Functions such as `apply()`, `lapply()`, `sapply()`, and `ifelse()` may not always behave as expected with AD objects. BayesRTMB catches some cases early, but explicit loops or vectorized arithmetic are often safer.

## Use blocks for their intended purposes

Data-only preprocessing belongs in `setup`.

Derived quantities based on parameters belong in `transform`.

Likelihood and priors belong in `model`.

Generated quantities belong in `generate`.
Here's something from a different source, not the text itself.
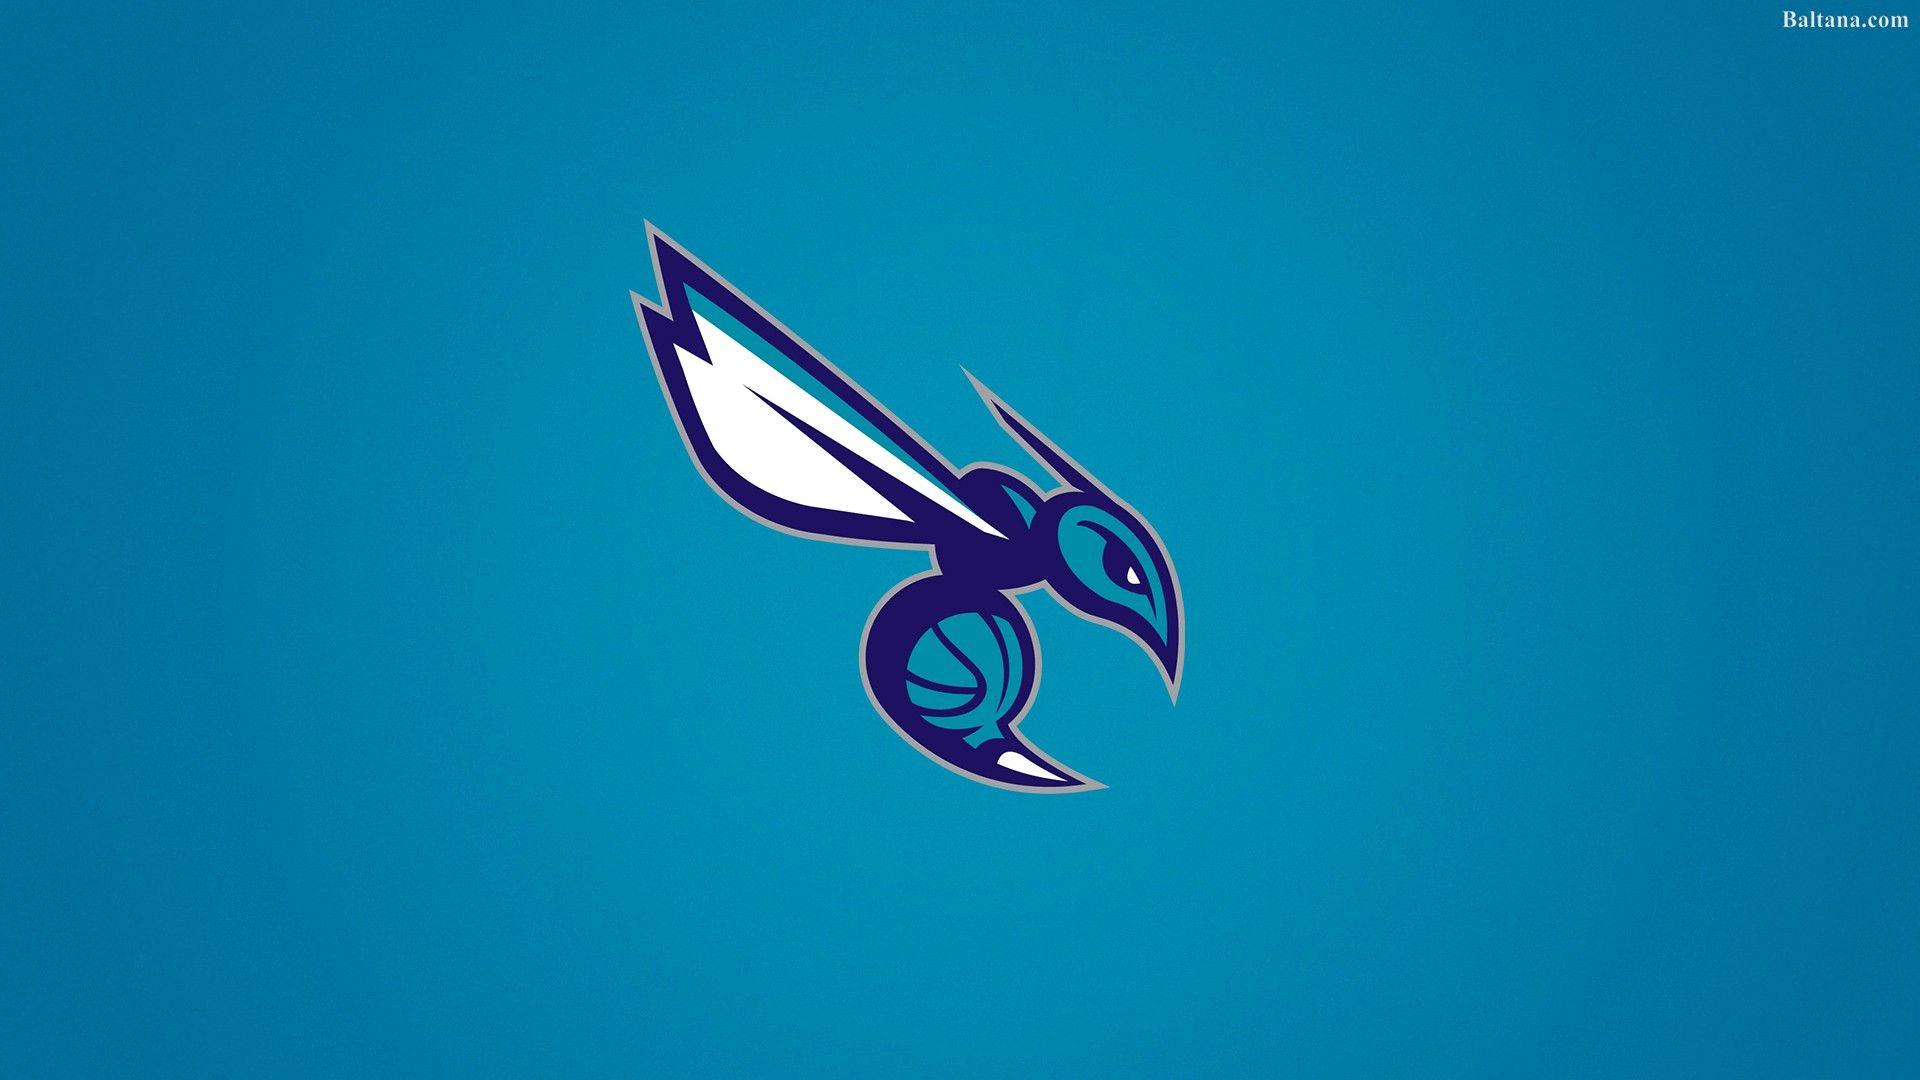 Charlotte Hornets Wallpapers Top Free Charlotte Hornets Backgrounds Wallpaperaccess

Keeping this separation makes `print_code()` readable and improves the stability of pre-checks and automatic differentiation.

# 11. Relationship to Stan, TMB, and RTMB

BayesRTMB uses RTMB as its computational backend. RTMB is an R interface to TMB's automatic differentiation engine.

BayesRTMB is similar to Stan in that users write probabilistic models with constrained parameters and priors. It differs in that model code is written as R expressions through `rtmb_code()`, rather than in a separate Stan language file.

| Topic | BayesRTMB | Stan |
|---|---|---|
| Model language | R through `rtmb_code()` | Stan language |
| Automatic differentiation | RTMB / TMB | Stan Math |
| Constraints | `Dim()` and internal transformations | Stan parameter constraints |
| Inference | MAP / classic / NUTS / ADVI | MAP / NUTS / ADVI and others |
| Wrappers | `rtmb_lm()`, `rtmb_glmer()`, and others | Usually hand-written models |
| Generated model inspection | `print_code()` | Stan code itself |

# 12. Summary

BayesRTMB's internal structure can be summarized as follows.

- `rtmb_code()` describes a model as a block-structured object.
- `rtmb_model()` checks the data and code, then creates an `RTMB_Model`.
- `RTMB_Model` stores model code, data, parameter declarations, transformations, generated quantities, and wrapper metadata.
- `build_ad_obj()` creates the automatic differentiation object used by `RTMB::MakeADFun()`.
- `sample()`, `optimize()`, `variational()`, and `classic()` run different inference methods from the same model representation.
- `optimize()` and `classic()` share a low-level engine, but their responsibilities and return objects are distinct.
- For Laplace approximation, the distinction between `random = TRUE`, `marginal_vars`, and `laplace_random_vars` is important.

For practical model-writing examples, see [Writing Model Codes](writing_models.html). To understand wrapper-generated models, see [Wrapper Functions](wrapper_functions.html) and `print_code()`. For a detailed mixed-model and GLMM workflow, see [Hierarchical Models and GLMMs](rtmb_glmer.html).